Switching to a lighter subject, at this point it seems like everyone in the poker community knows about your $8,000 prop bet with Antonio Esfandiari. What I want to know is how your family (your wife in particular) reacted when you told them about the bet; do they believe in you or do they think you’re nuts? Also, do you think you’ll break if you have to attend a wedding or a funeral?
I actually texted my wife that night and told her. So, in the middle of the night she woke up, read the text and replied “k”. She thinks it’s fun and has been super-supportive.
My daughter is six and doesn’t quite get it, but she knows that next summer we’re probably going to be going to DisneyWorld and it’s all because Daddy wore the same shirt for a whole year. It’s been fun.
— Lance Bradley (@Lance_Bradley) July 15, 2016
It’s a dress shirt and it goes well with a suit. I’m actually going to be going to Global Gaming Expo in September in Las Vegas so I’ll be wearing the shirt every day there. I’m also going to be at a few poker tournaments this year so it’ll be making the rounds. I’m not at all worried about me, I’m worried about the shirt lasting that long.
I actually asked Antonio for an out if I had to go to a funeral and his response was “Nope. You’re just going to have to hope nobody dies.”
Somebody at Facebook is trolling me. pic.twitter.com/0onugdFCqD
— Lance Bradley (@Lance_Bradley) August 18, 2016
What’s something you still haven’t yet done/accomplished in poker that’s on your bucket list?
I can think of a few things I’d like to do.

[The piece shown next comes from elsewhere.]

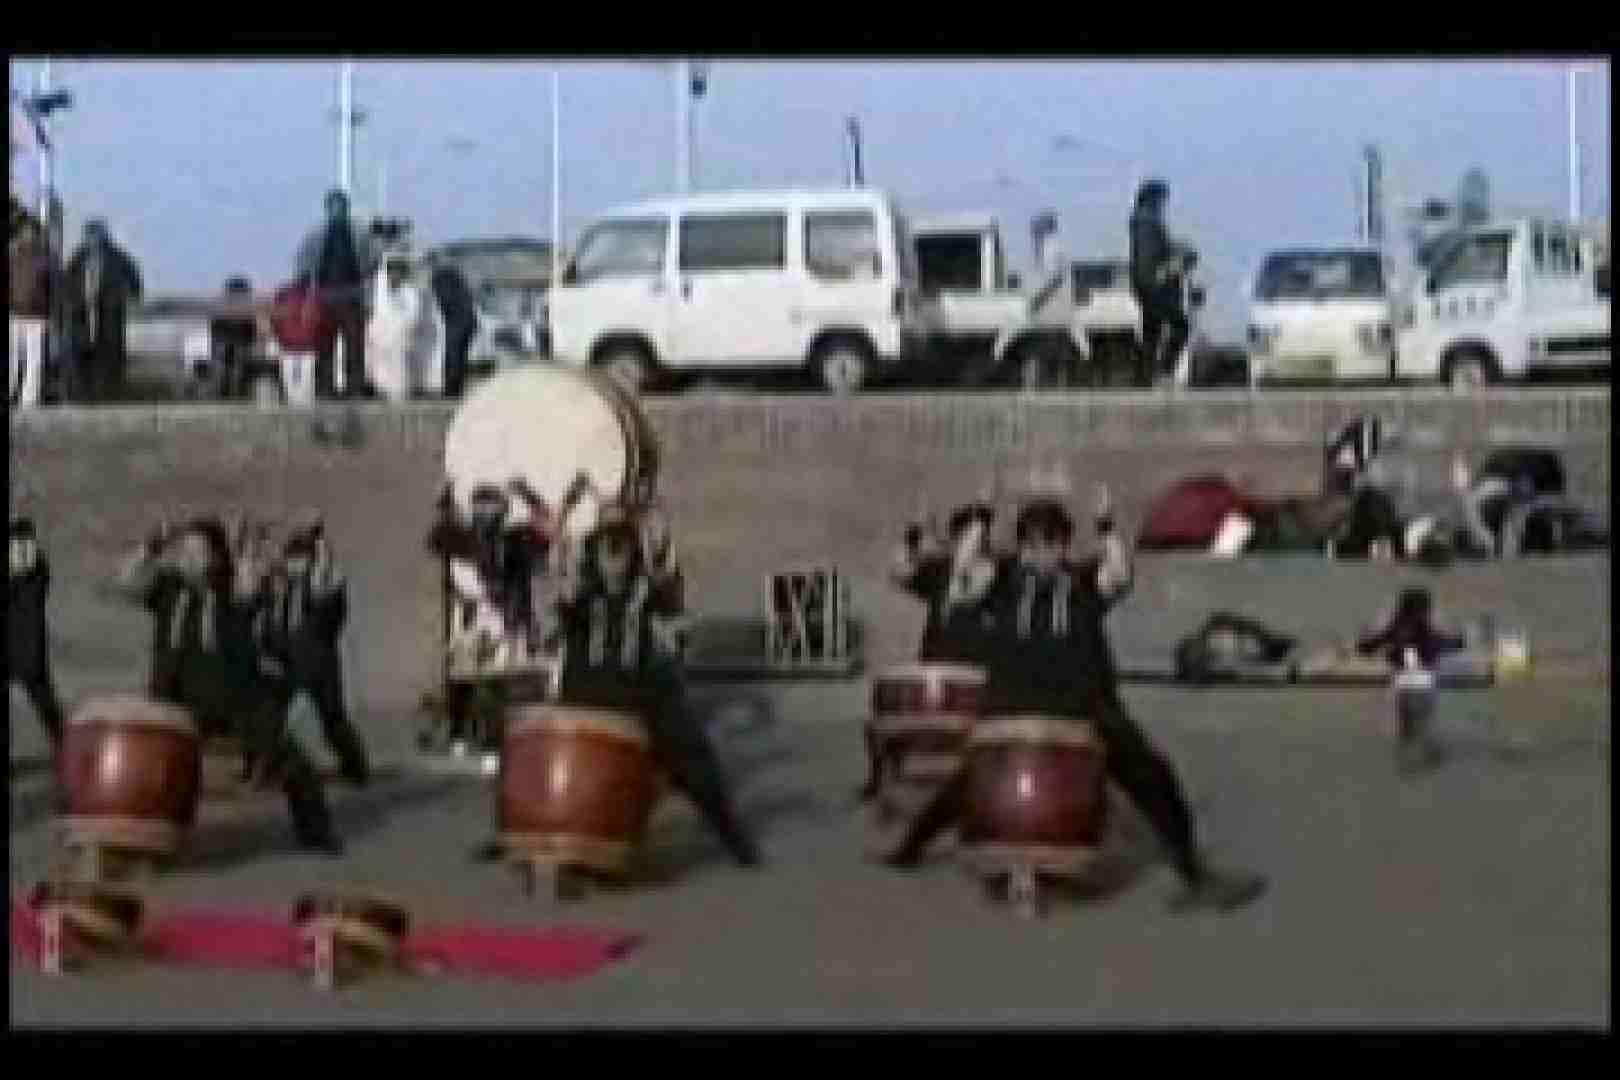 陰間茶屋 男児祭り VOL.1 野外露出 ゲイ素人エロ画像 66枚 30

- Interview Jack Binion. You want to talk about a guy who can tell stories for days? It would be an honor. Same goes for Bobby Baldwin.
- Play the WSOP Main Event. I felt a real connection with Bob when he was talking about how this was the one event he’d always wanted to play and here he was, playing it and having a blast. It’s tough not to think about that while writing his story.

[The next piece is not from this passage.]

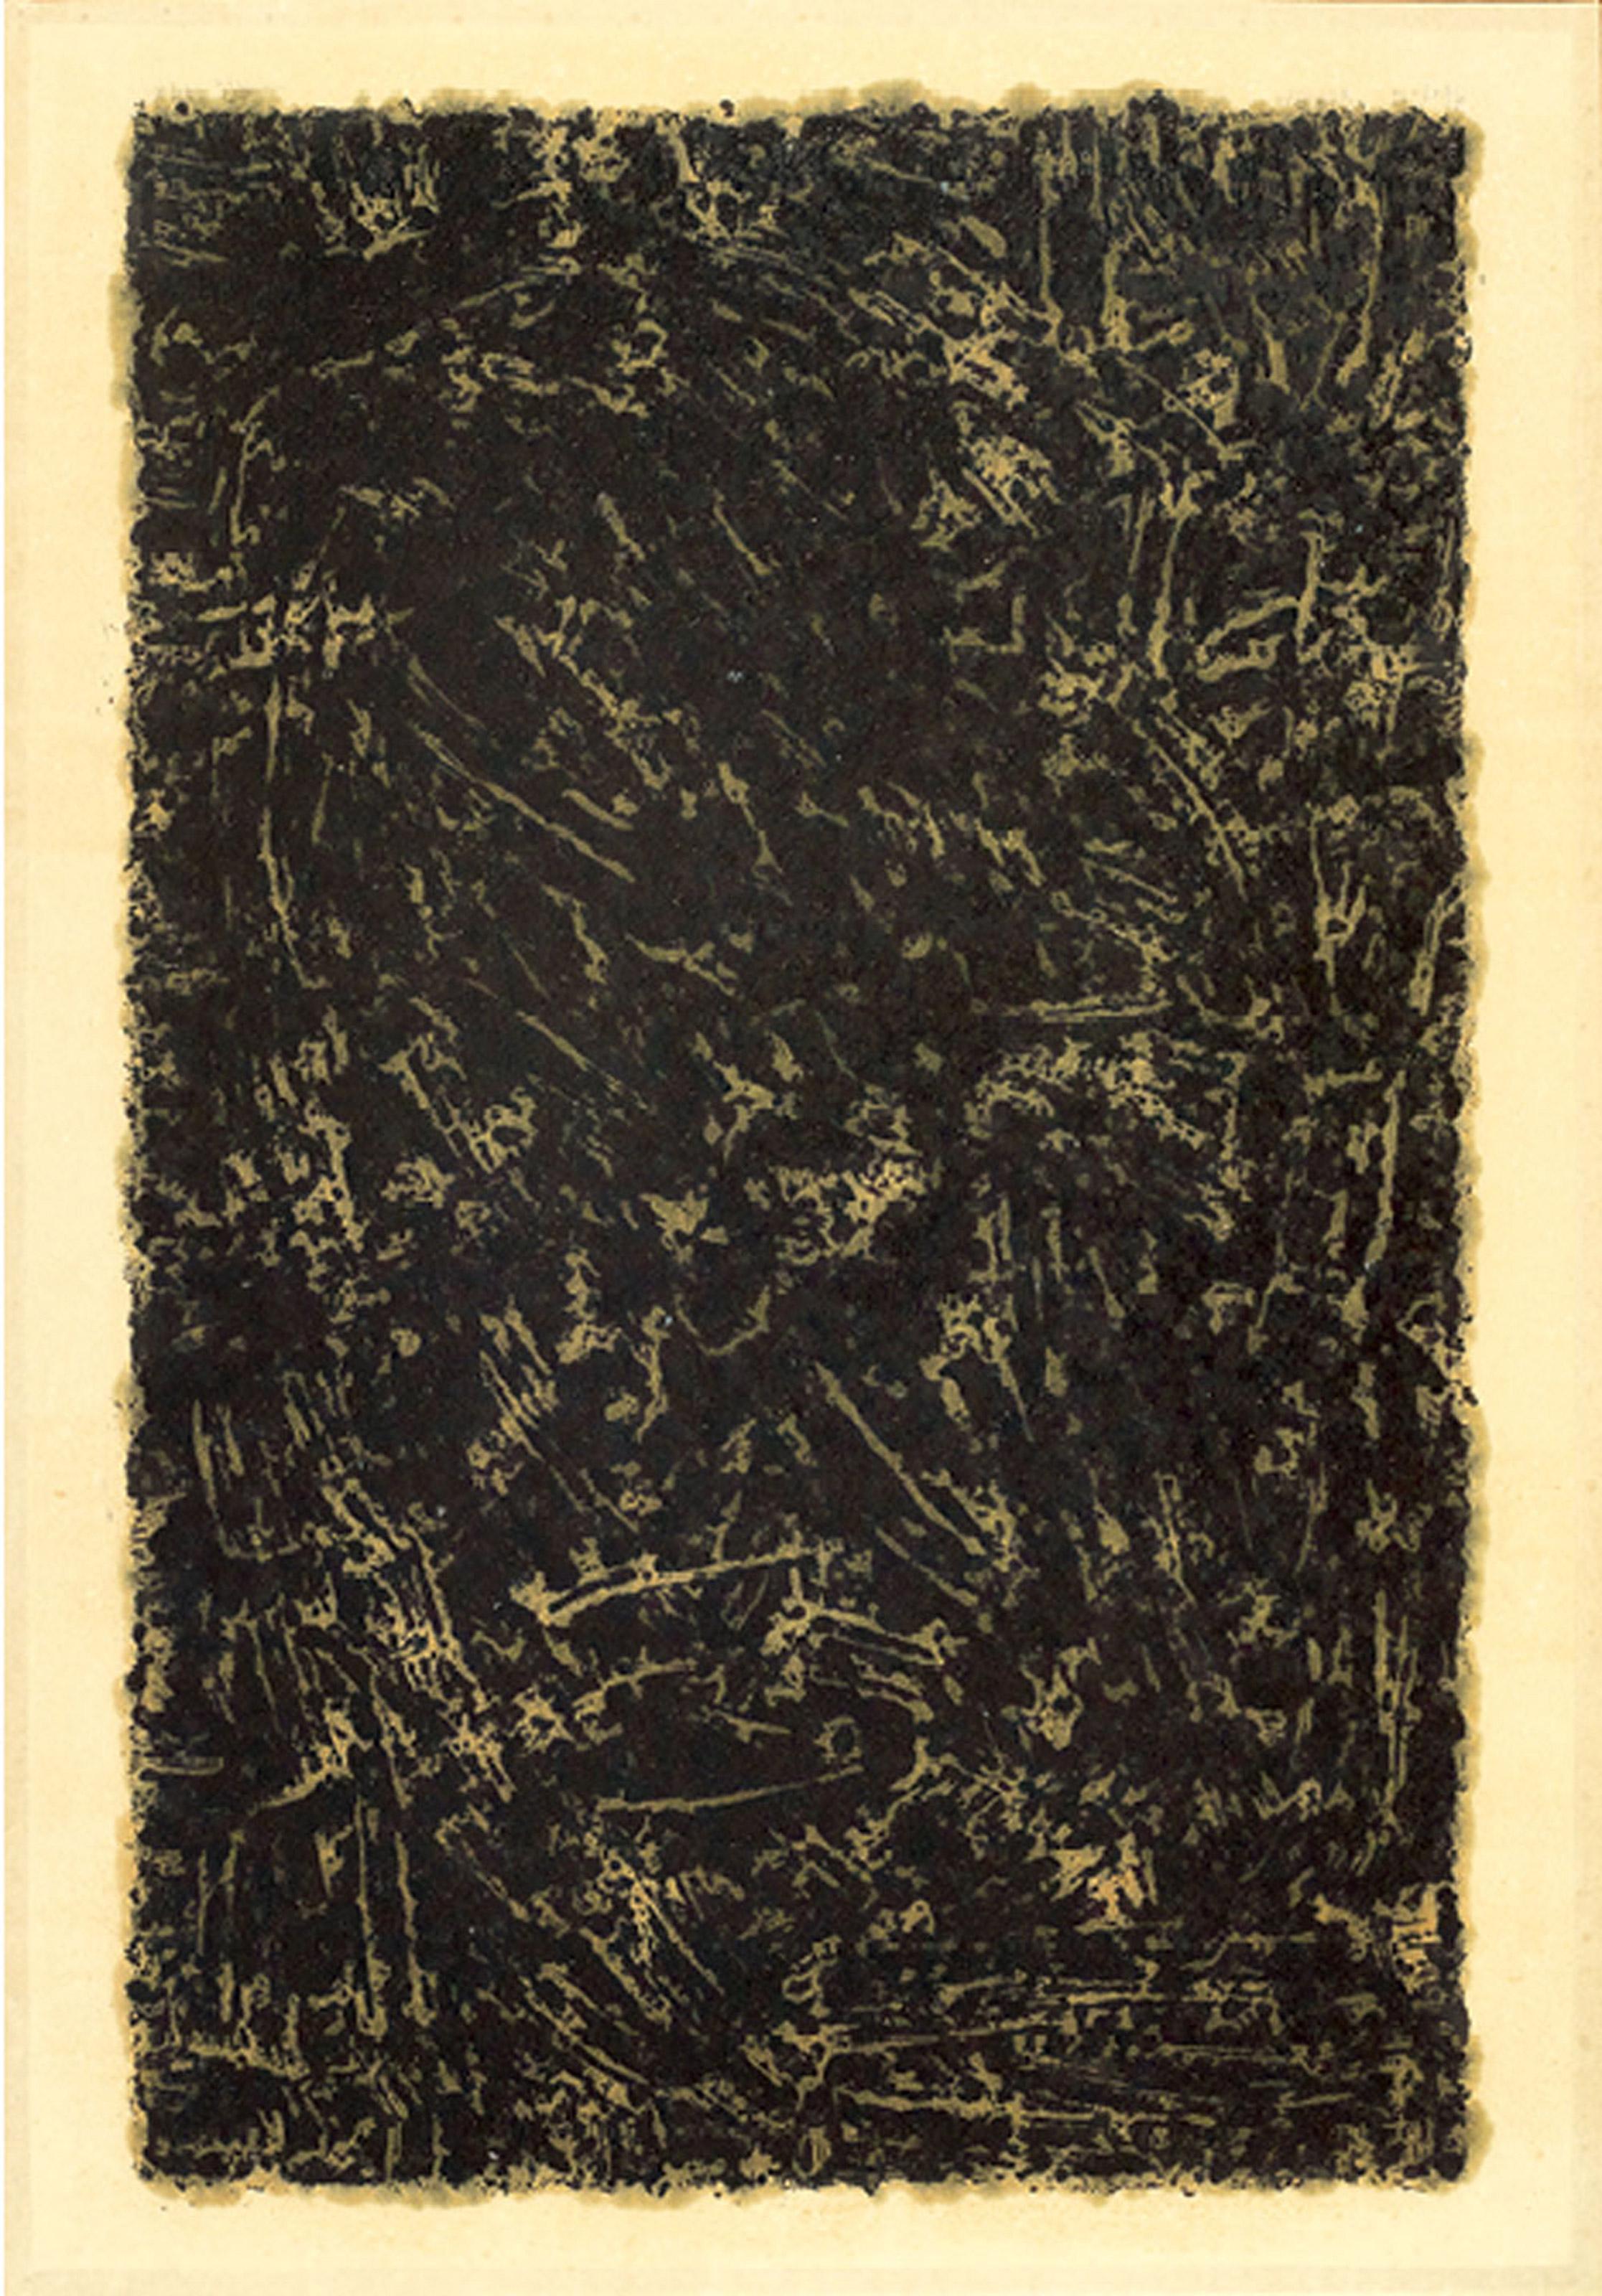 SHEN FAN (CHINESE, B. 1952)

- Interview the first (and second) woman to win the WSOP Main Event. I can’t even begin to understand what that would mean for the game.
- Help get Isai Scheinberg in the Poker Hall of Fame. Blows my mind that he’s not already in there.
- I’ve got at least one book in me and I know I’ve got to sit down and write it at some point. In the months leading up to Black Friday I was pretty close to getting a book deal but it all disappeared after Black Friday happened. Publishers weren’t as excited as they had been.
Also, I’d love to write up a few other stories that I’ve had bouncing around in my head for a few years now. They would require having a pretty big travel budget, but they’re great stories that need to be told.
Alright, the stage is yours – go ahead and let loose about something you just HAVE to get off your chest.
I think after 12 years in the poker industry my biggest pet peeve is the opportunistic folks who think they have a way to make a quick buck out of poker without actually doing anything positive for the game or the industry.
There were a lot more of them during the boom years, but we still see some of them coming in to the industry today. They gain the trust of some players, get them excited about a business opportunity and use their good name to help prop it up; then, when the business doesn’t work, they move on to the next thing and leave a pile of bodies behind. It makes it really difficult for talented, organized business people to do good things in the poker space when so many people have stories about being burned.
As I wrote on Twitter the other day in the midst of the record-setting fields at EPT Barcelona, poker doesn’t need to be saved.
If I’m to believe these record numbers from EPT Barcelona, it would in fact appear that poker is not dead and doesn’t need saving?
— Lance Bradley (@Lance_Bradley) August 23, 2016
For the most part poker is doing just fine. There absolutely are some challenges, but they’re almost entirely about getting players and potential players access to the game. Online poker was that access point at one point and will be again if the politicians and stakeholders ever get their head out of their asses and regulate the game in the U.S. again.